I took our oldest child aside after a while and asked him why he wasn’t playing with those other toys. He thought about it for a minute and said that they weren’t fun.

“Then why did you ask for them?”

He thought about that question for a long time. We brought it up a few more times over the next few days, and it became a pretty valuable lesson for him.

* * *

So, now the holiday season approaches. Before too long, our children will be thinking about the holiday season and making their Christmas lists.

This year, we’re instituting a new rule: no more than four items on your Christmas list.

Why? This simple restriction will make them think about their impulses and desires. What items do they reallywant? Which ones are less important?

They’ll learn to separate their actual desires from their fleeting impulses, and that’s a valuable thing to learn.

* * *

This idea carries forward into our adult lives.

There are many things I see in a given day that I would enjoy having, but the feeling is fleeting. I’ll see an interesting book on a blog that I read. I’ll hear about an interesting new board game at Community Game Night. I’ll notice a pack of gum at the checkout aisle.

If I gave into all of those impulses, I would be broke. Not only that, I would quickly become numb to the pleasure of something new.

I’ve learned that it’s far better to occasionally enjoy a splurge than it is to constantly splurge.

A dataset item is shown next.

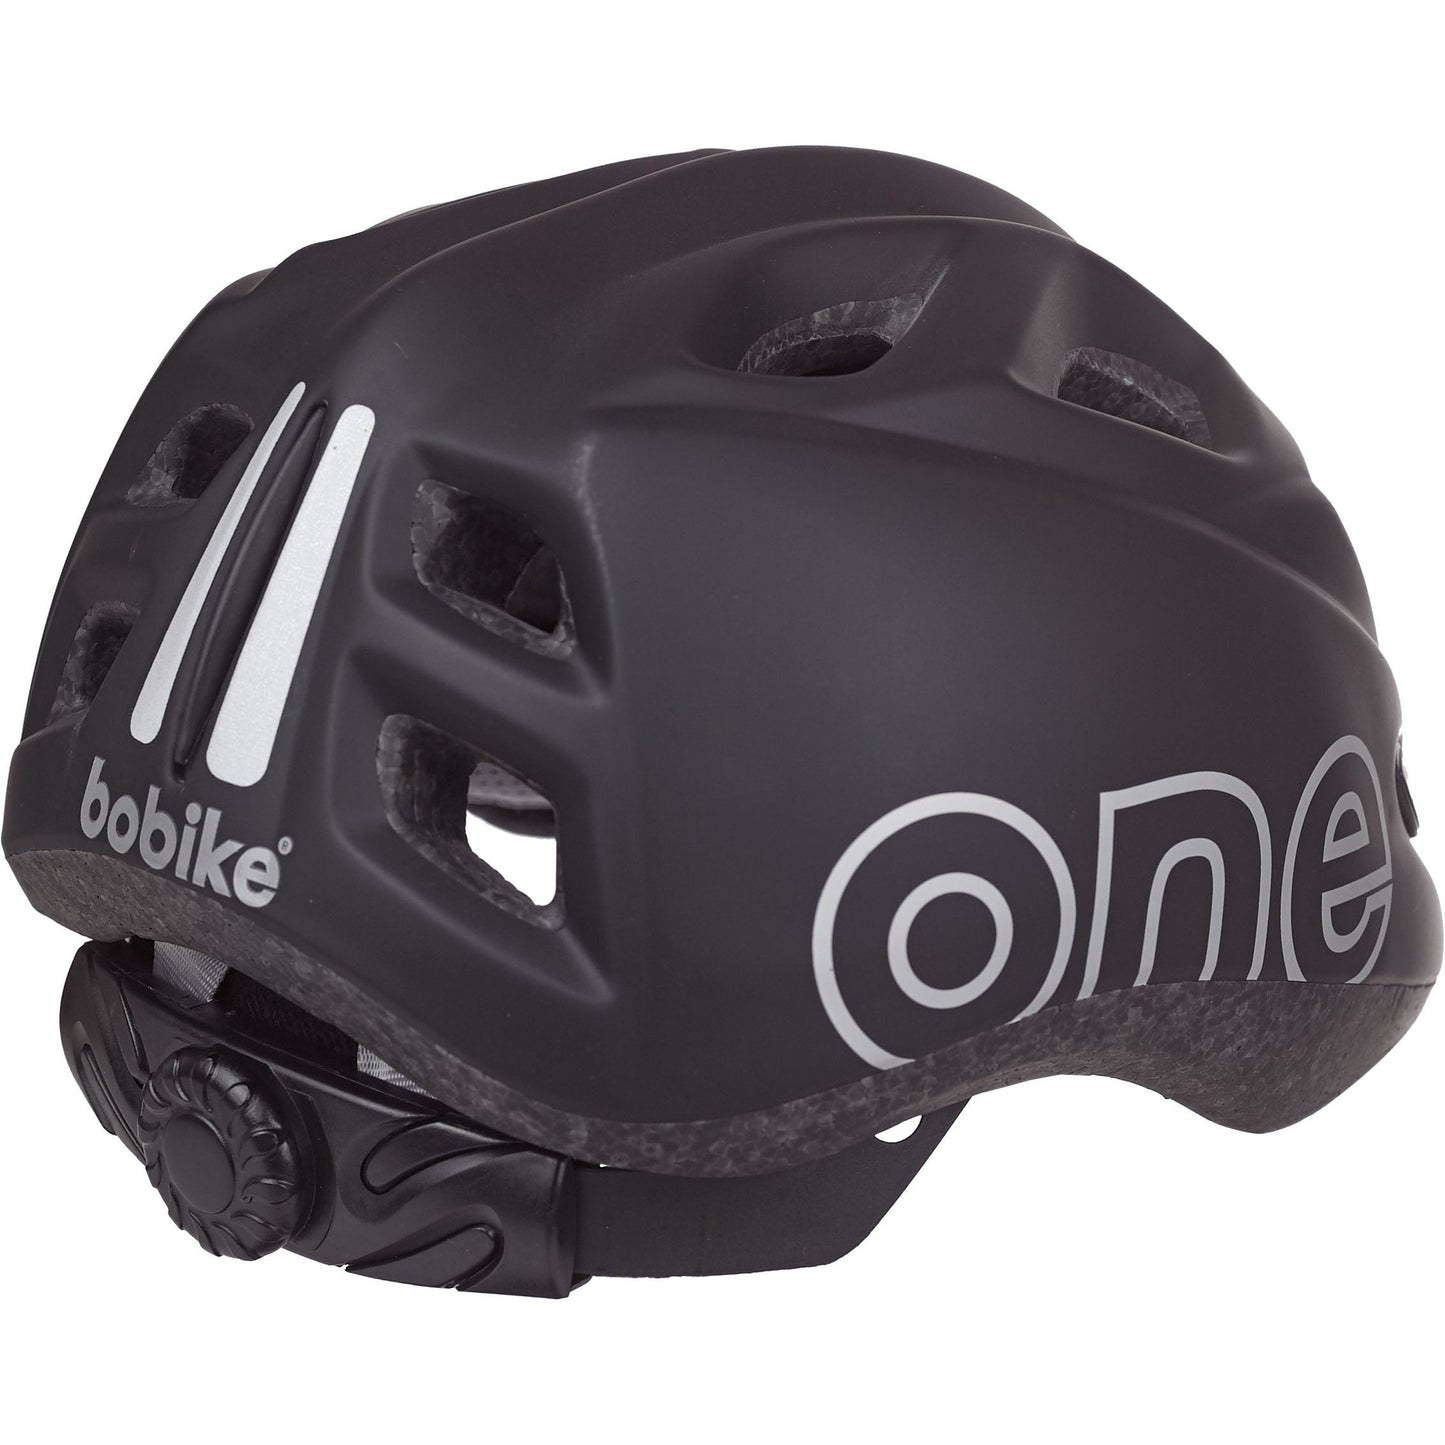 One Plus helm 48-52 cm zwart maat XS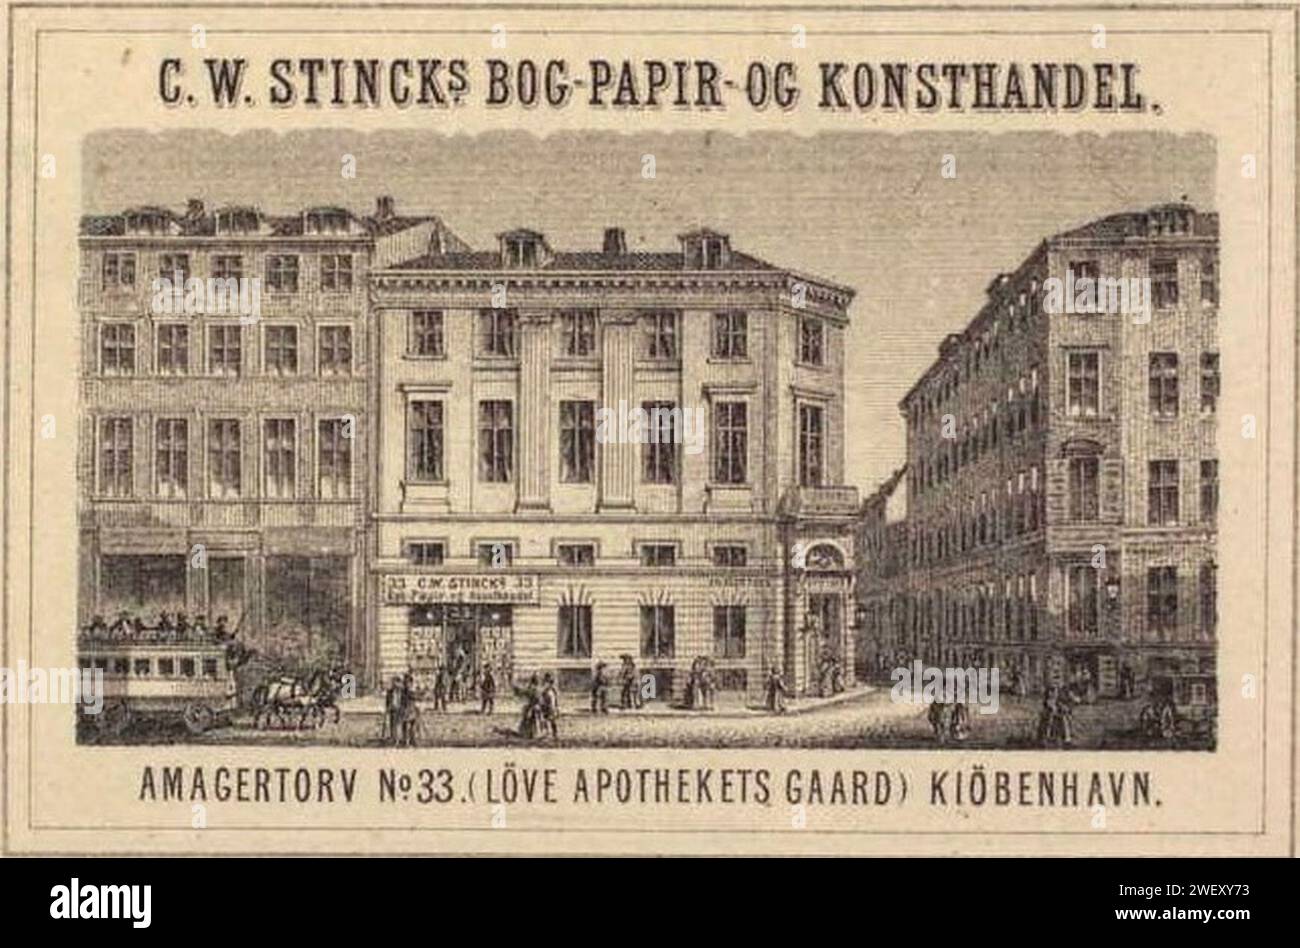 Amagertorv n. 33 med Løve Apoteks Gård, C. W. Stinck's Bog-, papir- og kunsthandel (2). Foto Stock

For starters, being patient and slow with the splurges allows me to filter out the things I actually want versus the things that are short-term impulses. For example, going to a coffee shop is almost always a short-term impulse, so I very rarely do it (usually only in a social situation).

It also helps me appreciate the splurges. Instead of gorging on constant small impulses until I’m numb to the joy of a splurge, I spread them out a bit and enjoy the anticipation.

There’s also the factor of gaining a financial edge. The fewer splurges I have, the less I spend. The less I spend, the more money I have for the future.

Will all of this pay off for our children? I think, to some extent, one has to experience these things to really appreciate them, but we can certainly do our best to lead them down the right path.